Consistency — data is the same for every client

Availability — the system is up and does not return an error

Partition tolerance — The system will run even if there is a network failure

what are Shortcomings of HBase

Single point of failure: At the time when only one HMaster is used, there is a possibility of failure.

  • No transaction support: In HBase, there is no support for the transaction.
  • No handling of JOINS in database: Instead of the database itself, JOINs are handled in MapReduce layer.
  • Sorted Built-in authentication: There are no permissions or built-in authentication.
  • No support SQL structure: As there is no support for SQL structure, it cannot contain any query optimizer.

What is salting in HBase? How is it used to debug why the read is slow because data is not proper replicated.

HBase hot-spotting occurs because of the poorly designed row keys. Because of bad row key, HBase stores large amounts of data on a single node and entire traffic is redirected to this node when the client requests some data leaving another node idle.

Below are some of the techniques used to avoid hot-spotting:

The salting process is helpful when you have a small number of a fixed number of row keys that come up over and over again. For examples, let us consider you have below four-row key values:

machine0001machine0002machine0003machine0004

If you would like to write these across four different regions. You can use the four letters a, b, c, and d. The updated values would be:

a-machine0001b-machine0002c-machine0003d-machine0004

Hashing
The hashing mechanism is using hash functions to assign values instead of using random mechanisms.

You can use the one-way hash function that would allow row being stored is always be “salted” with the same prefix, that would spread the load across region servers.

Reversing the Key
A third common technique for preventing hot-spotting is to reverse a fixed-width or numeric row key so that the part that changes the most often is first.

How checkpointing works in Spark Streaming

How to declare a broadcast variable in Spark 2.0

If you want to broadcast class named Test it should implement java.io.Serializable and then you do:

import scala.reflect.ClassTag;

ClassTag<Test> classTagTest = scala.reflect.ClassTag$.MODULE$.apply(Test.class);
Broadcast<Test> broadcastTest = sc.sparkcontext().broadcast(new Test(), classTagTest);

How would you share a connection between driver and Executor in Kafka

Difference between Kafka and P2P Queue

How does Kafka’s notion of streams compare to a traditional enterprise messaging system?

Messaging traditionally has two models: queuing and publish-subscribe.
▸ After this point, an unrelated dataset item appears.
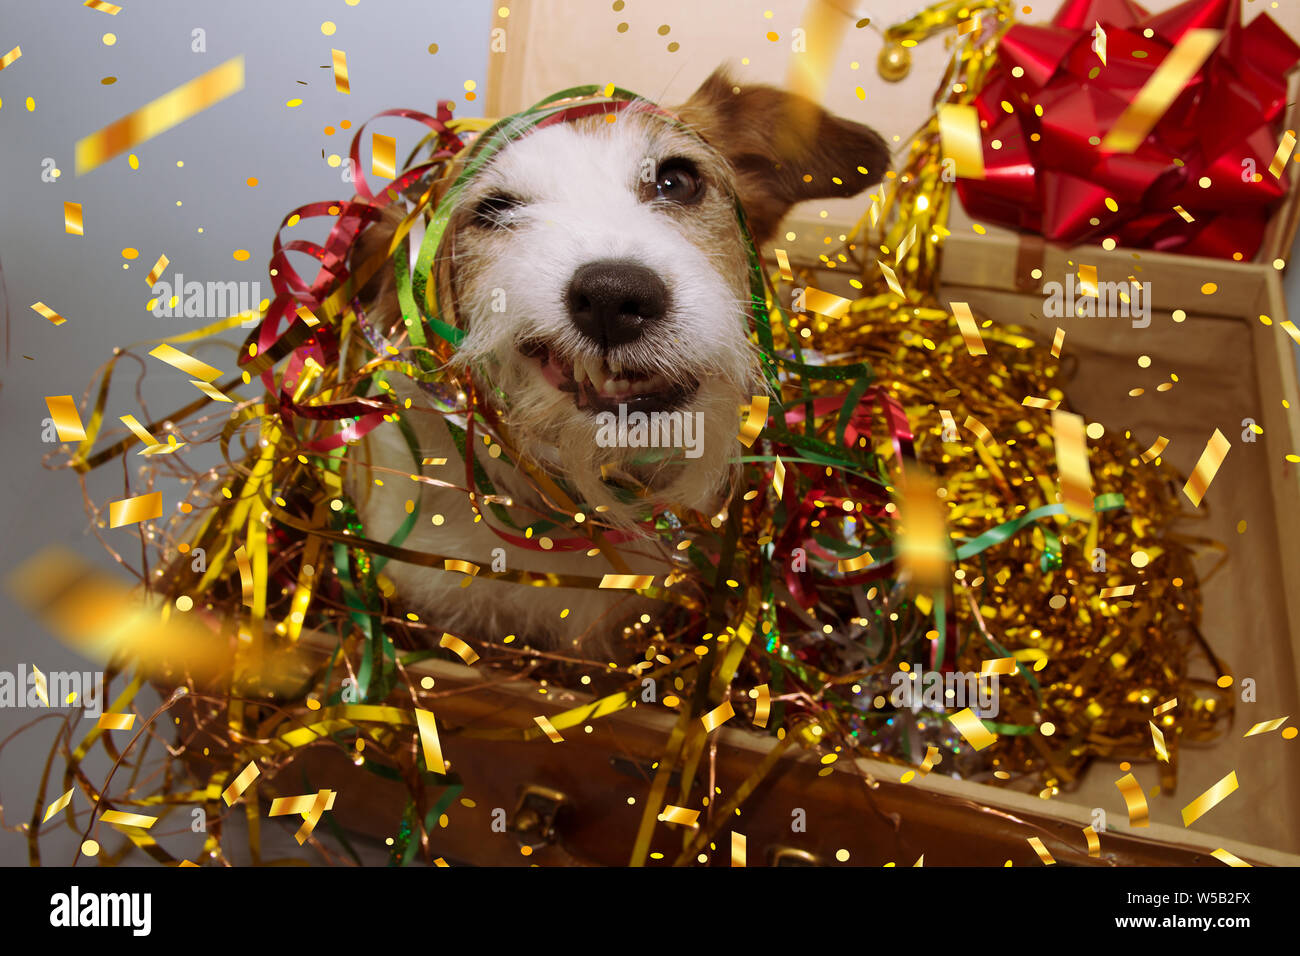 Funny jack russell dog between golden colorful serpentine streamers inside  a vintga suitcase celebrating new year, birthday or carnival Stock Photo -  Alamy

In a queue, a pool of consumers may read from a server and each record goes to one of them; in publish-subscribe, the record is broadcast to all consumers. Each of these two models has a strength and a weakness. The strength of queuing is that it allows you to divide up the processing of data over multiple consumer instances, which lets you scale your processing. Unfortunately, queues aren’t multi-subscriber — once one process reads the data it’s gone. Publish-subscribe allows you broadcast data to multiple processes but has no way of scaling processing since every message goes to every subscriber.

The consumer group concept in Kafka generalizes these two concepts. As with a queue the consumer group allows you to divide up processing over a collection of processes (the members of the consumer group). As with publish-subscribe, Kafka allows you to broadcast messages to multiple consumer groups.

The advantage of Kafka’s model is that every topic has both these properties — it can scale processing and is also multi-subscriber — there is no need to choose one or the other.

Kafka has stronger ordering guarantees than a traditional messaging system, too.

A traditional queue retains records in-order on the server, and if multiple consumers consume from the queue then the server hands out records in the order they are stored. However, although the server hands out records in order, the records are delivered asynchronously to consumers, so they may arrive out of order on different consumers. This effectively means the ordering of the records is lost in the presence of parallel consumption. Messaging systems often work around this by having a notion of “exclusive consumer” that allows only one process to consume from a queue, but of course this means that there is no parallelism in processing.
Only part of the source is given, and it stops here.